I don't remember if I mentioned this, but OSHPark (I've gotten boards from them before, and they're good quality) quoted me about $420 to make this. That's for 3 boards, but that's still over $100 a board! Seeed I have not actually done a quote with (haven't uploaded the file) but they have a configurator where you can put in all the specs for your board, and they were quoting me about $150 for 10 boards!
I don't think OSHPark's quality is worth paying nearly 10x as much per board, and the turn around times (minus the fact that seeed is closed due to the chinese lunar new year until the 11th) are about the same from what I've seen.
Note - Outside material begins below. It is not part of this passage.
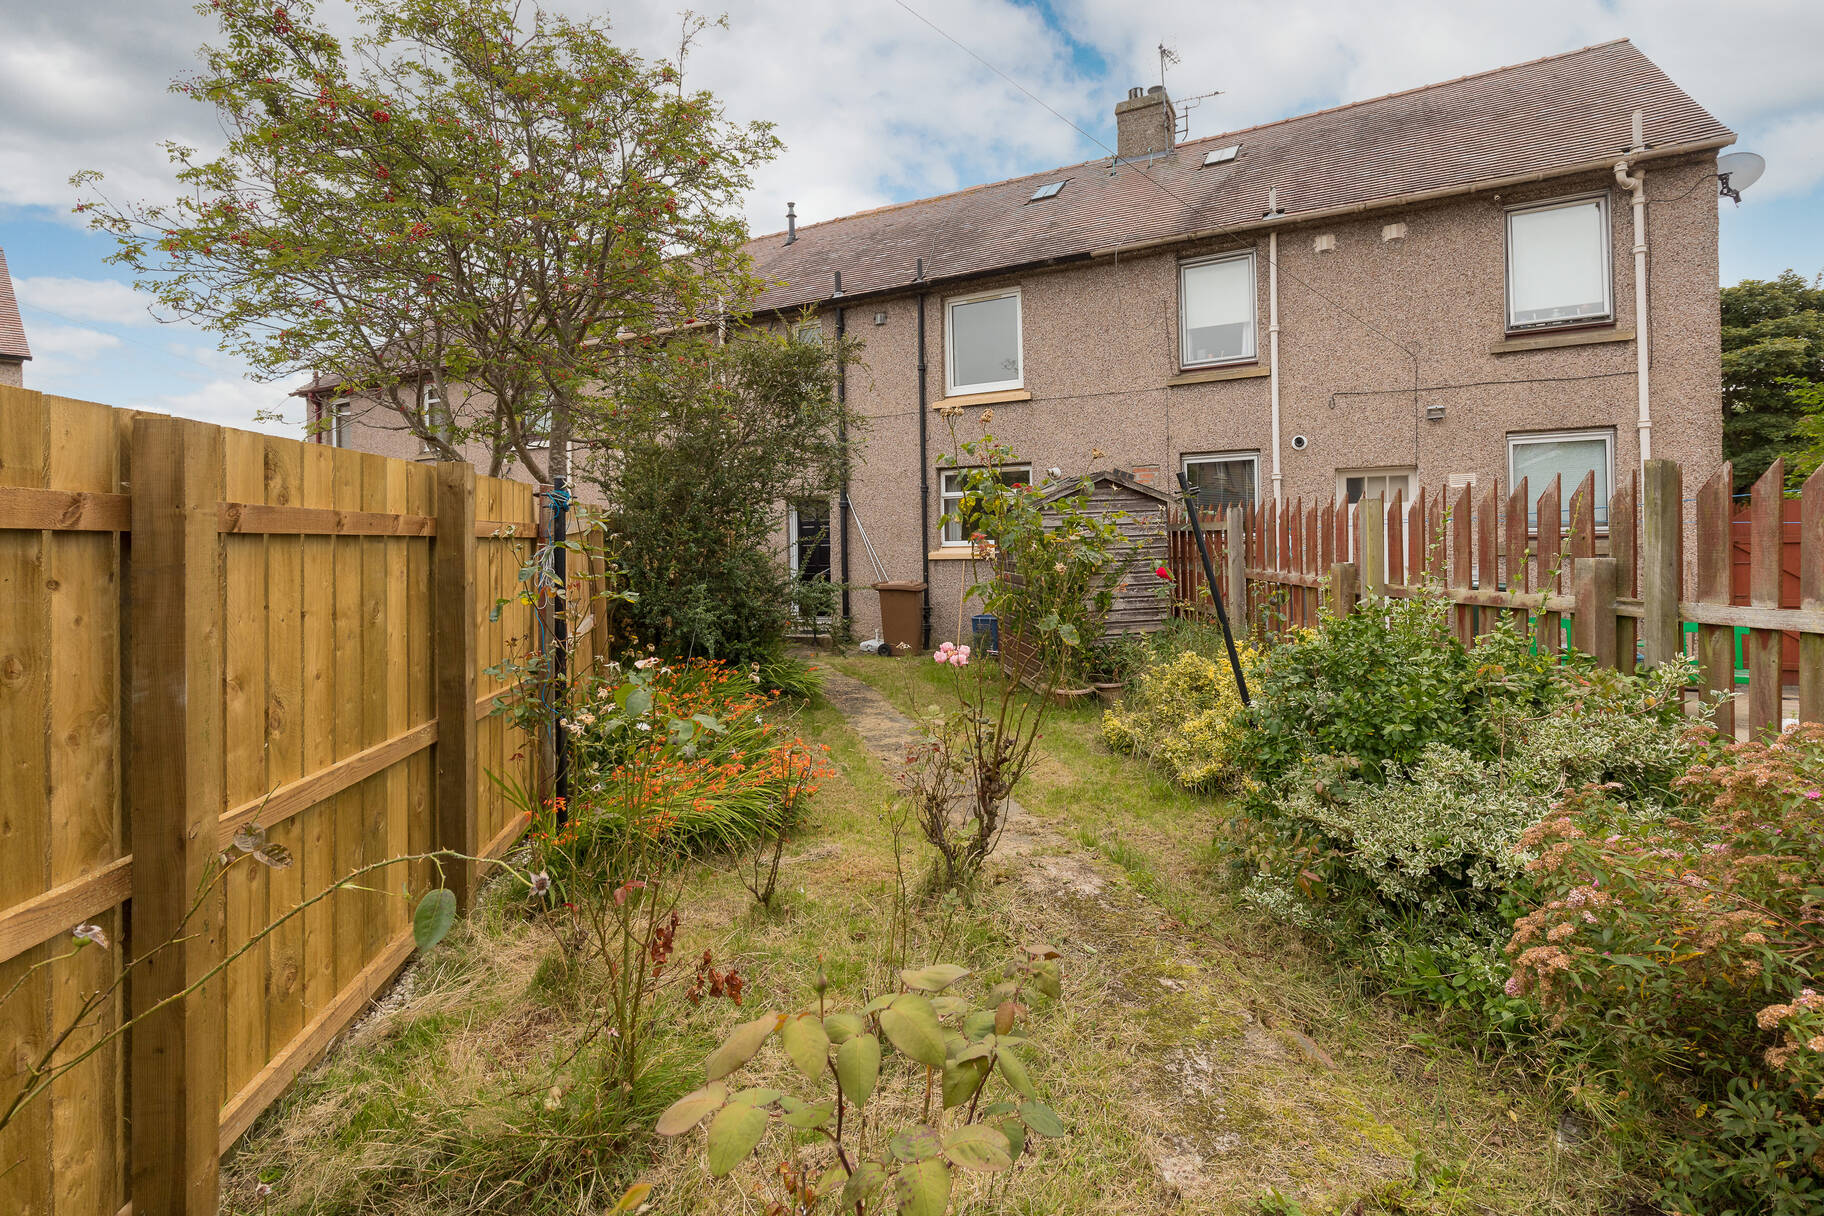 106 Clermiston Drive, Edinburgh, EH4 7PX

Plus, OSHPark only sells purple boards, and for this project, I'd like the "old fashioned" green a lot more. (seed even lets you get them in other colors, like black, blue, etc).
OSHPark, and some other american board makers with them, are good companies, but they probably need to refine their process to be able to compete with places like Seeed, because I don't see the point in paying all that extra money.
Chromatix wrote:
About 74F series logic: it's pretty fast, yes, but it's *very* power hungry, on the order of 35mW per simple logic chip. It has typical TTL input levels, input loads (this is *not* a high-impedance input, due to the bipolar transistors involved) and fanout restrictions. It's also no longer being manufactured.
If you need fast logic, I recommend 74AHC series, switching to 74AC or 74HC for specific devices not available in that series. A quick pricing comparison suggests there's not much difference.
I only remember seeing the price difference on one chip, the 74318, and the AC (maybe AHC, pretty sure it was AC though) version was >$2, while the F was $0.60. For a chip that I need 3 of, the cheaper option (that was basically as fast) looked better, but knowing this, I'll stay far away from the F series.